$m2(t)=z(t)*f(t)=\int^{\infty}_{-\infty}z(\tau)f(t-\tau)d\tau$
$\tau$ is a variable in place of $t$, which is now a constant.
For $-1<t<1$, $m2(t)=\int^{0}_{t}2e^{2\tau}d\tau =e^{2t}-1$
But if do $m2(t)=f(t)*z(t)=\int^{\infty}_{-\infty}f(\tau)z(t-\tau)d\tau$
For just the $-1<t<1$ case, $m2(t)=\int^{0}_{t}2e^{-2\tau}d\tau =1-e^{-2t}$
How is the two m2 different for the same t interval?
The point is to keep careful track of where $\tau$ has to be for there to be a contribution to the integral, as a function of $t$. In the first case, $\tau \in [0,2]$ is required for $z$ to be nonzero, and $t-\tau \in [0,1]$ is required for $f$ to be nonzero.
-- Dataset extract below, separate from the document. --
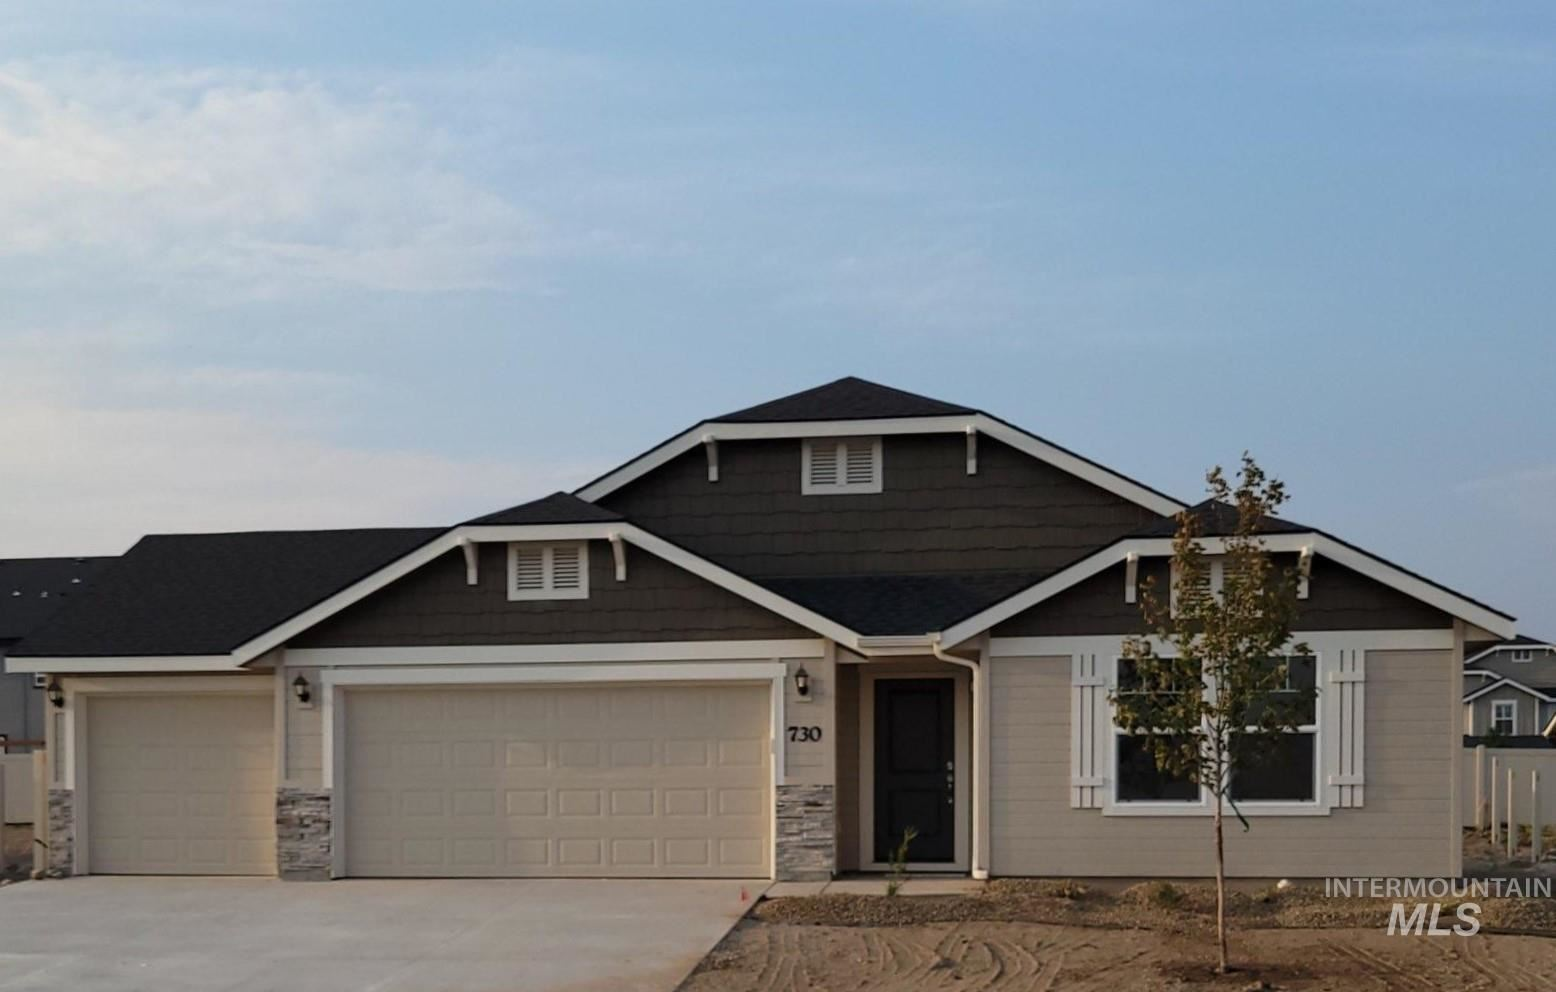 730 SW Raelynn St., Mountain Home, ID 83647 - MLS#: 98810027

The latter is equivalent to $\tau \in [-1+t,t]$. So you need the intersection of $[0,2]$ with $[-1+t,t]$. The lower limit is $\max \{ 0,-1+t \}$, the upper limit is $\min \{ t,2 \}$, and we interpret $[a,b]$ with $b<a$ as $\emptyset$. In particular when $t \in [0,1]$ this will be an integral from $t-1$ to $t$ (which seems to be where you made a mistake).
In the second case, $\tau \in [0,1]$ is required for $f$ to be nonzero and $t-\tau \in [0,2]$ is required for $z$ to be nonzero. The latter is equivalent to $\tau \in [-2+t,t]$. So you need the intersection of $[0,1]$ with $[-2+t,t]$. By similar reasoning, this is $[\max \{ 0,t-2 \},\min \{ 1,t \}]$ with the same convention. In particular when $t \in [0,1]$ this is an integral from $0$ to $t$ which you seem to have gotten right.